(Data extracted from a collection)

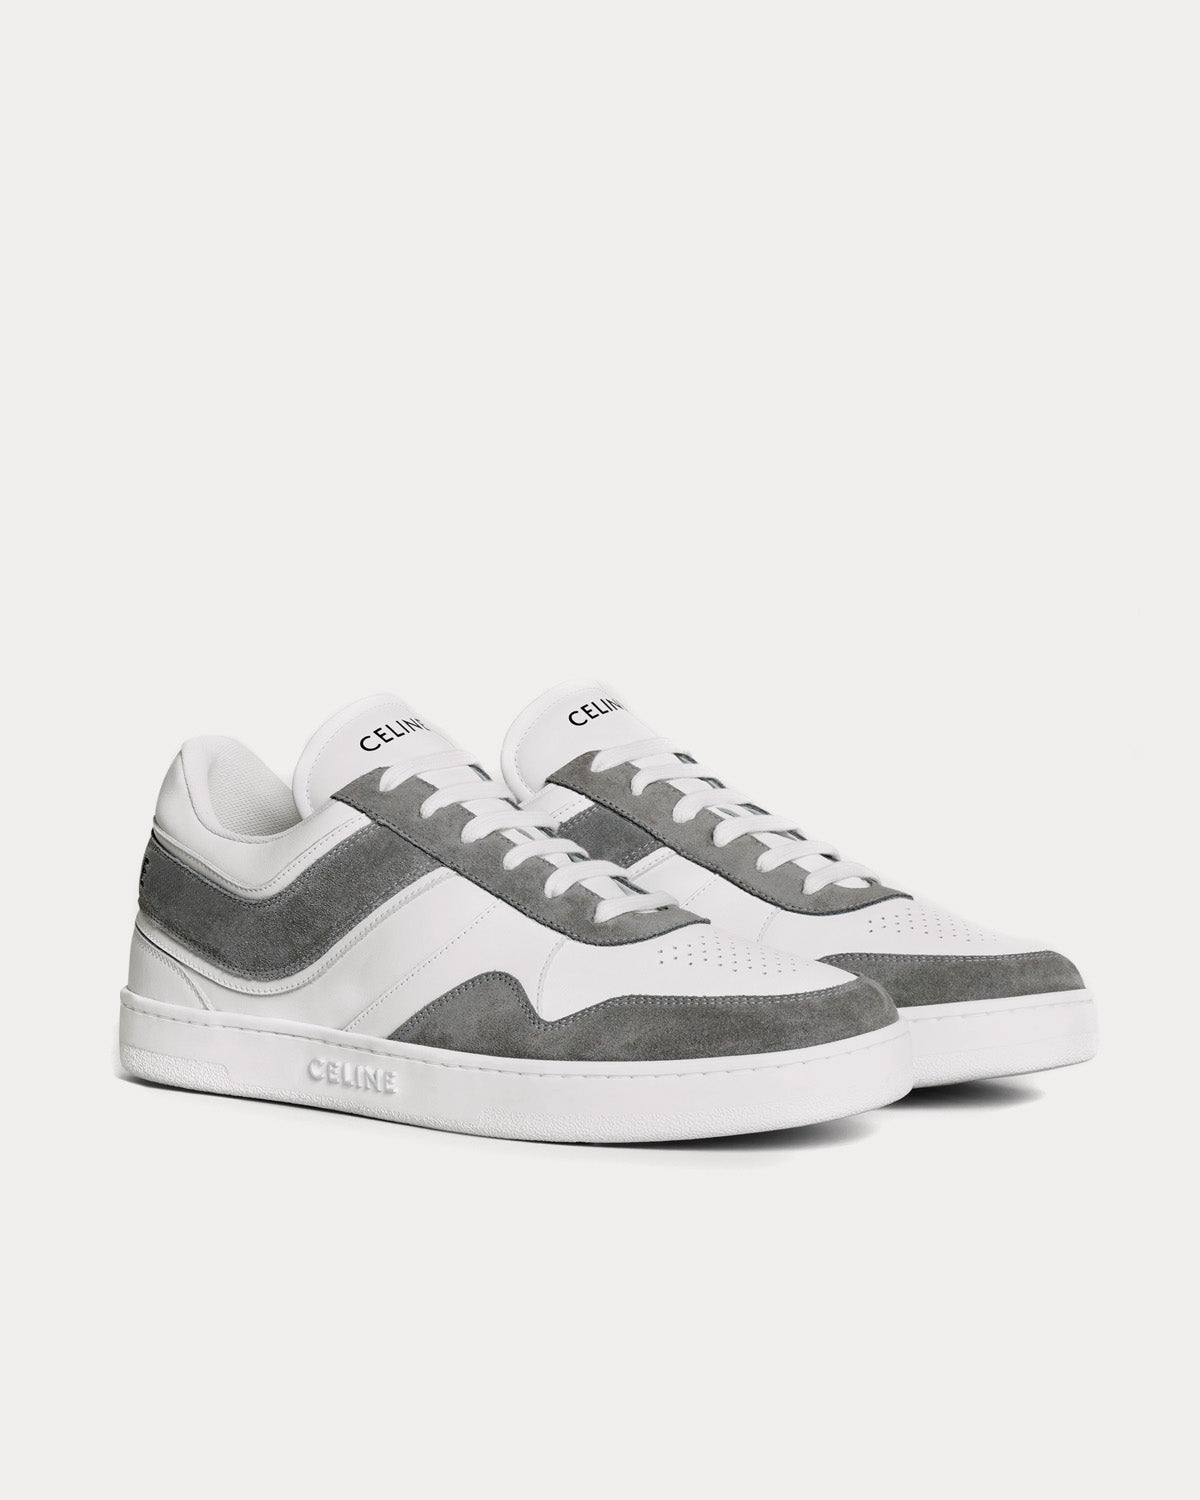 Celine - Lace-Up Suede & Calfskin Leather Grey / Optic White Low Top Sneakers
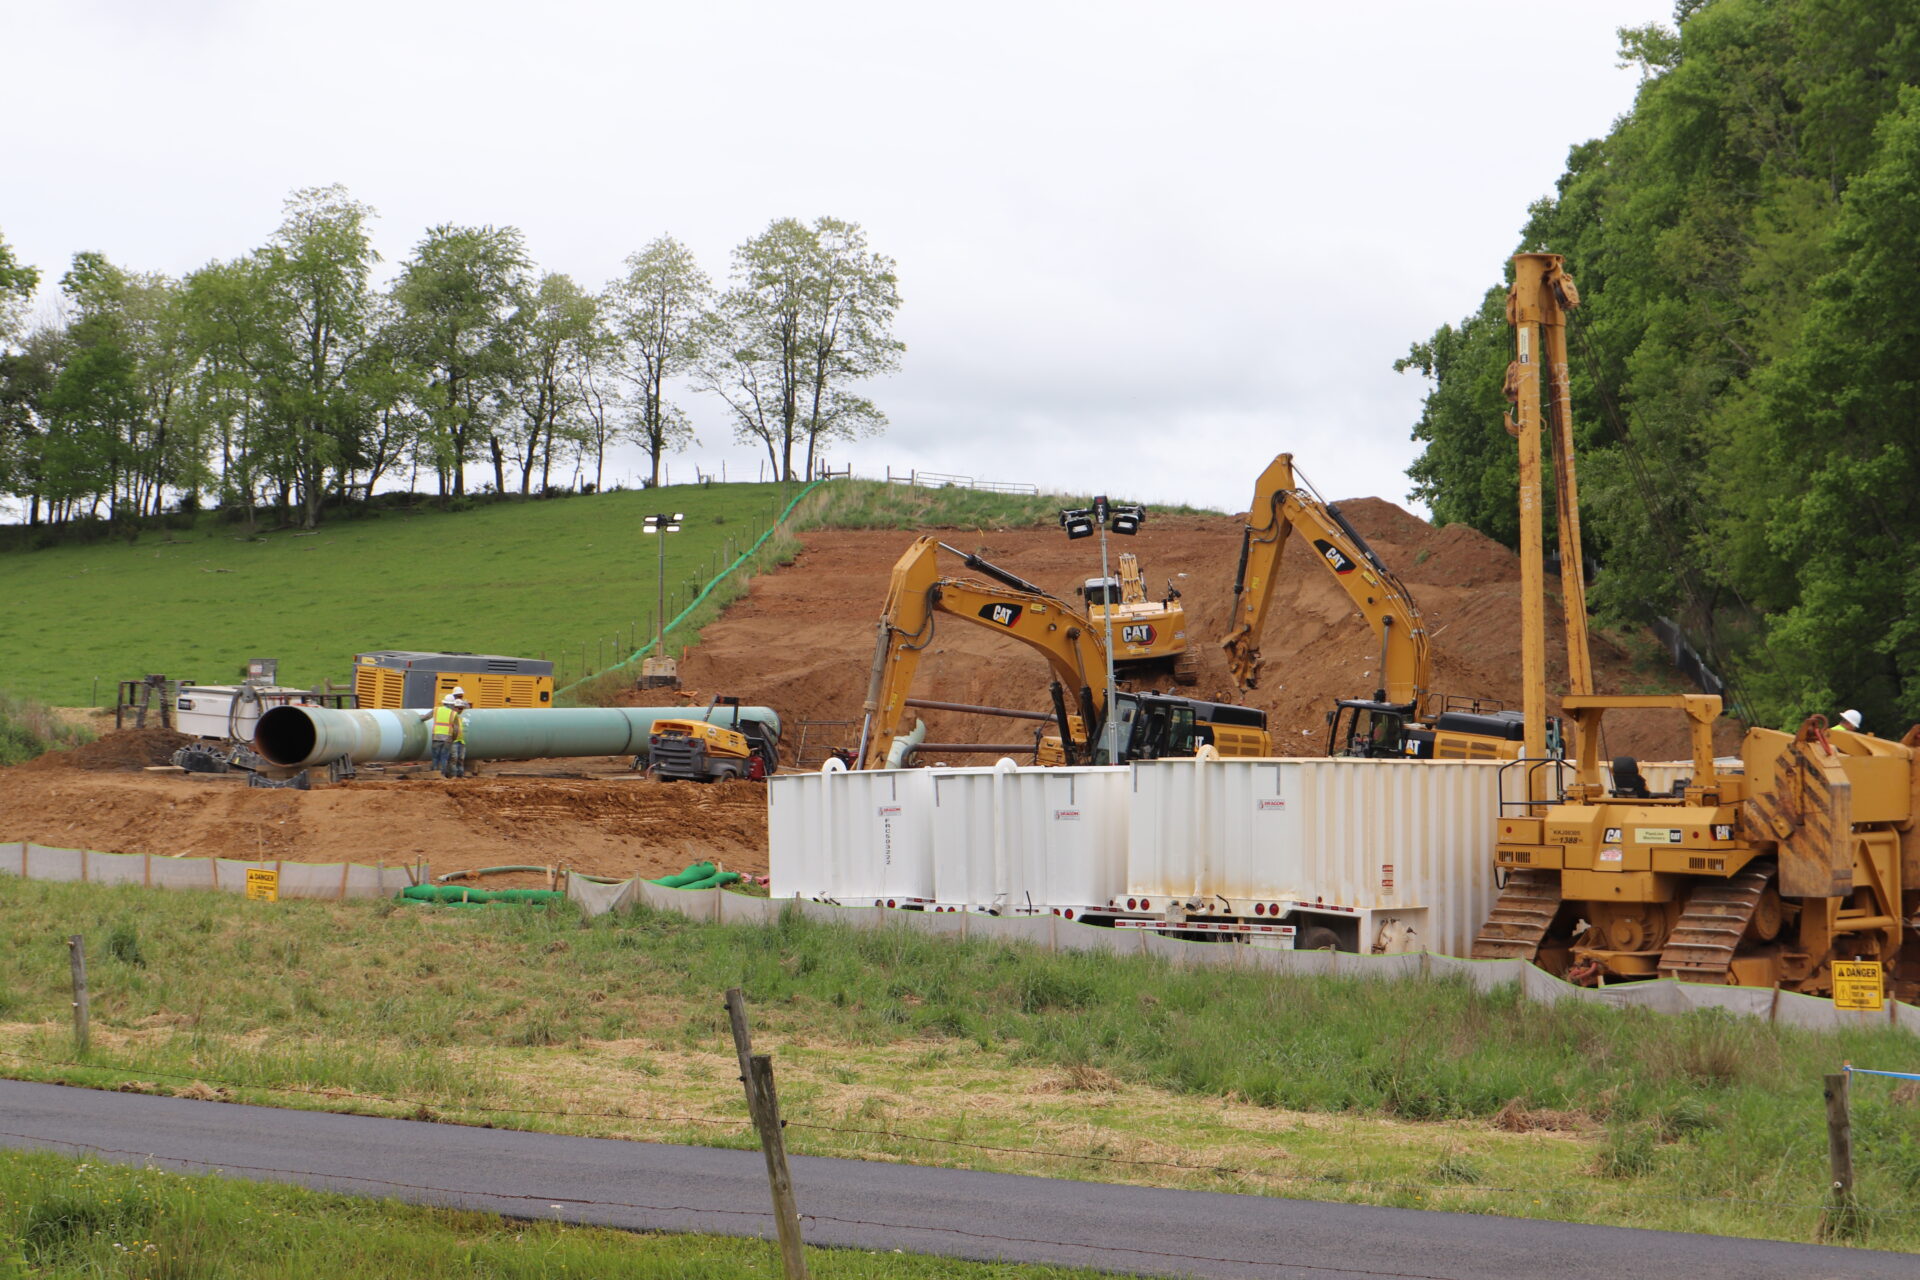 Exposed dirt on a hillside with sections of pipe, storage containers and construction machinery surrounding it under an overcast sky.
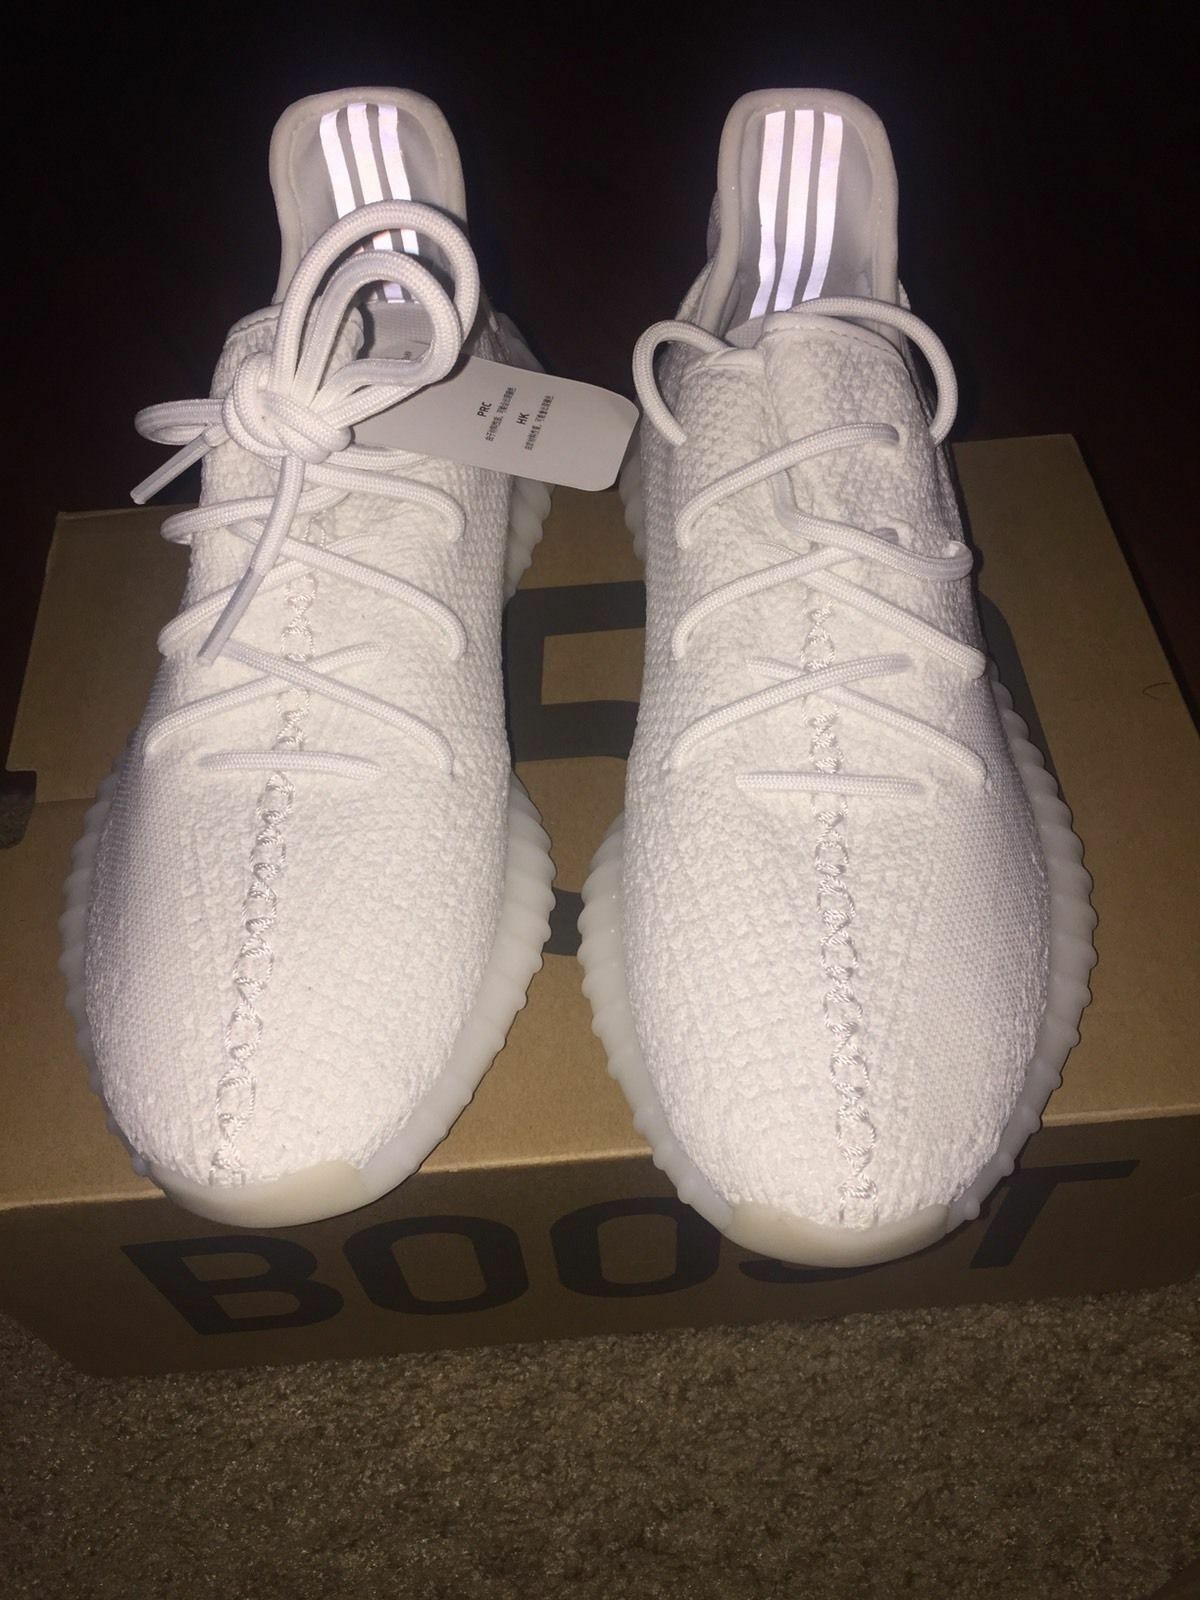 Styre Mitt chap Adidas Kanye West Yeezy Boost 350 V2 Cream White CP9366 Mens Sneakers Size  9.5 | eBay
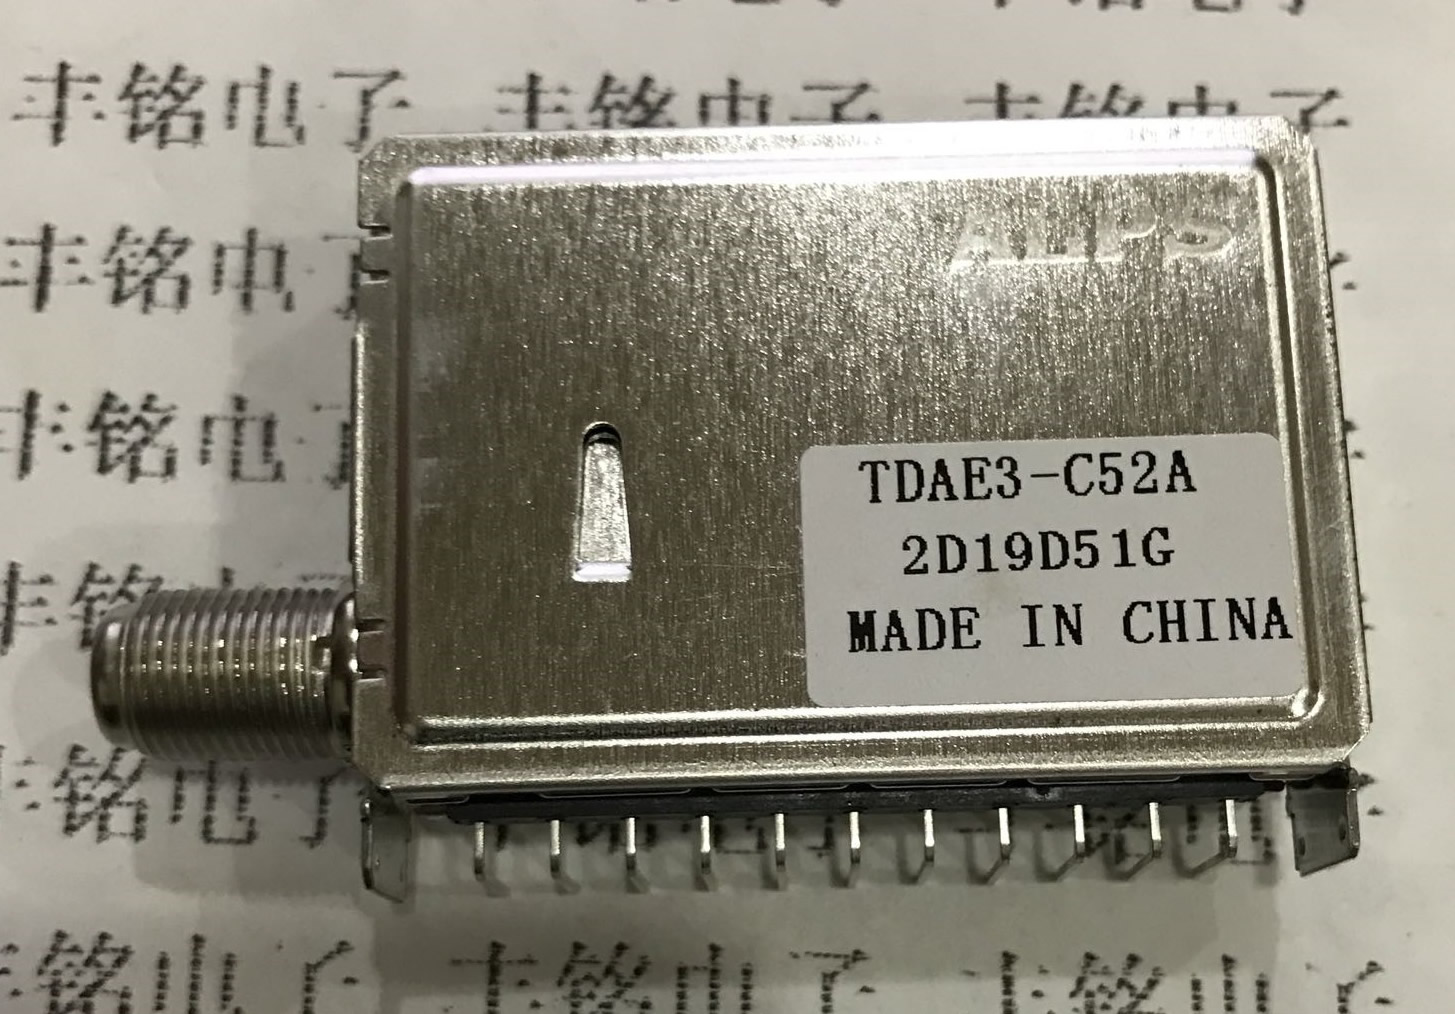 TDAE3-C52A alps TUNER
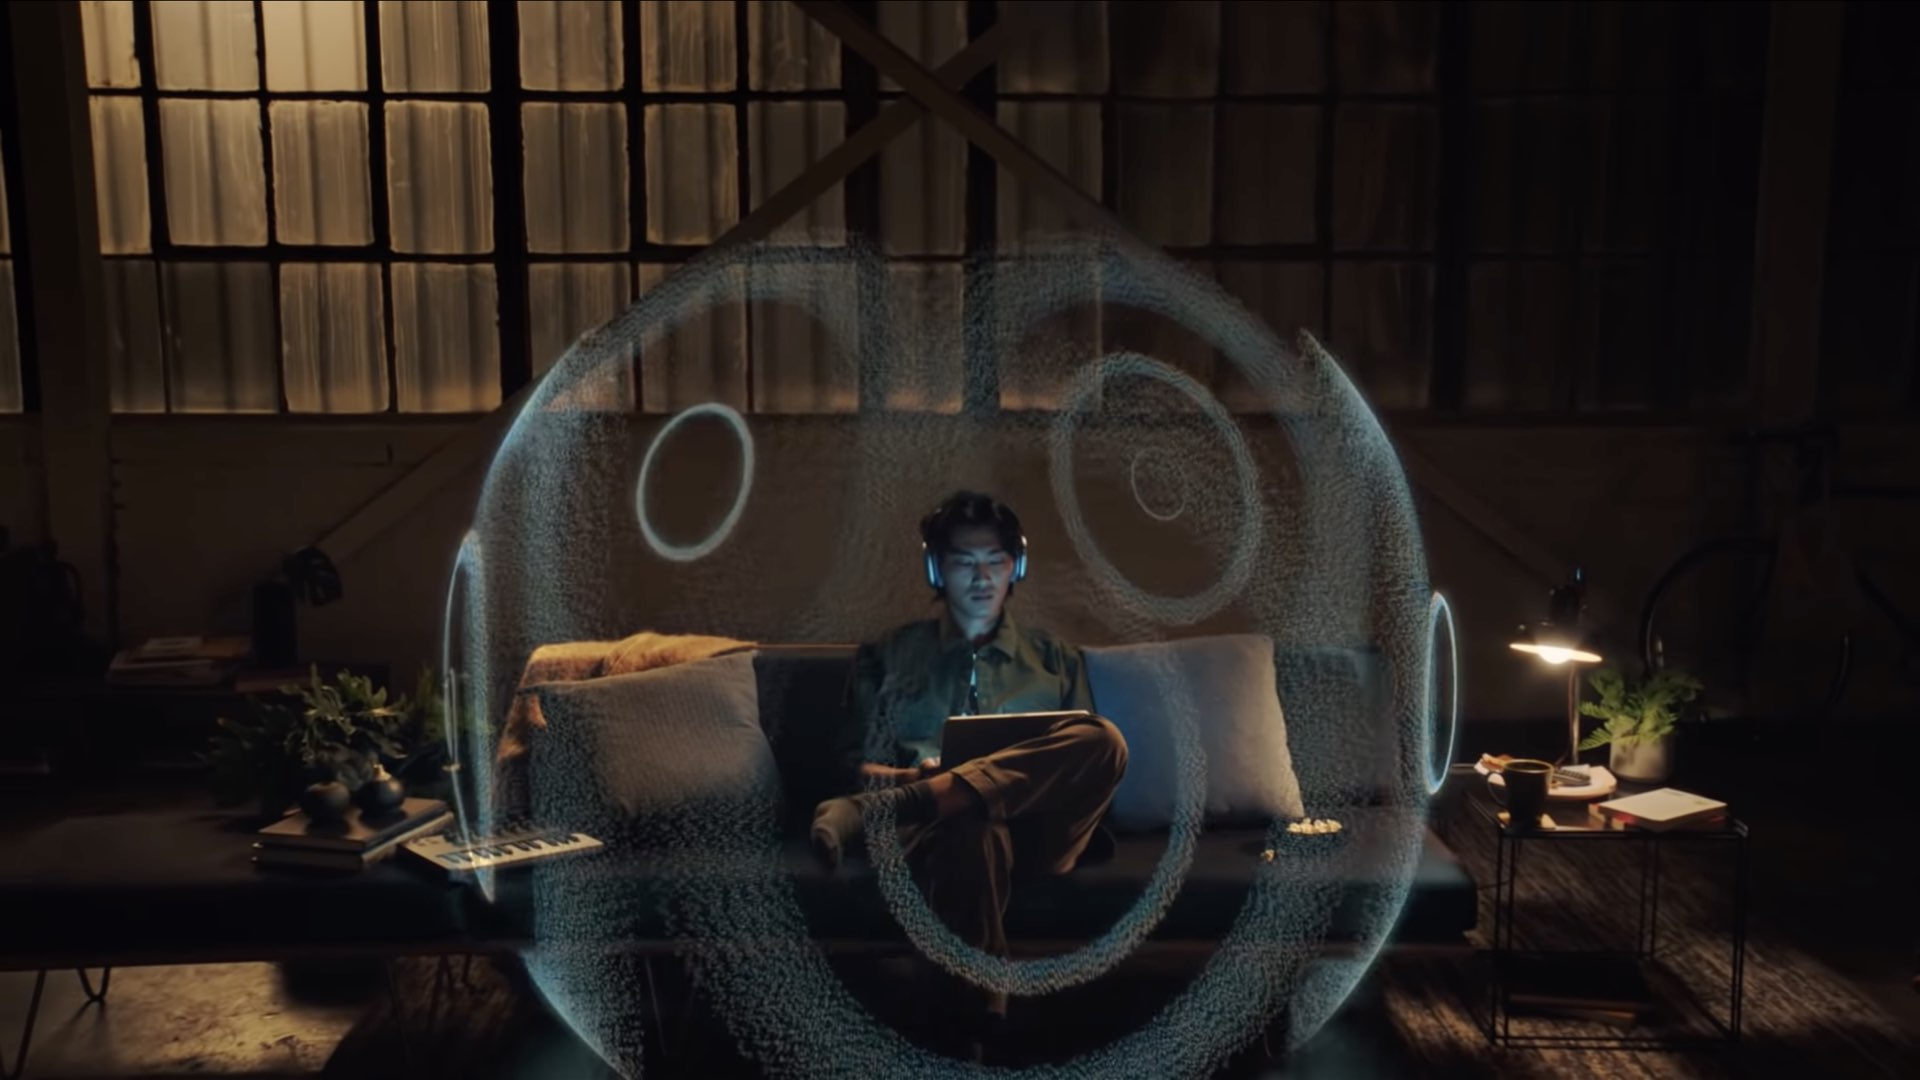 Apple illustration for spatial audio depicting a young male person sitting on their couch, wearing their AirPods Max and listening to music on iPad Pro

**Task brief**
Repeat the data exactly as written, but without the pictures.

**Expected answer**
 Celine - Lace-Up Suede & Calfskin Leather Grey / Optic White Low Top Sneakers
 Exposed dirt on a hillside with sections of pipe, storage containers and construction machinery surrounding it under an overcast sky.
 Styre Mitt chap Adidas Kanye West Yeezy Boost 350 V2 Cream White CP9366 Mens Sneakers Size  9.5 | eBay
 TDAE3-C52A alps TUNER
 Apple illustration for spatial audio depicting a young male person sitting on their couch, wearing their AirPods Max and listening to music on iPad Pro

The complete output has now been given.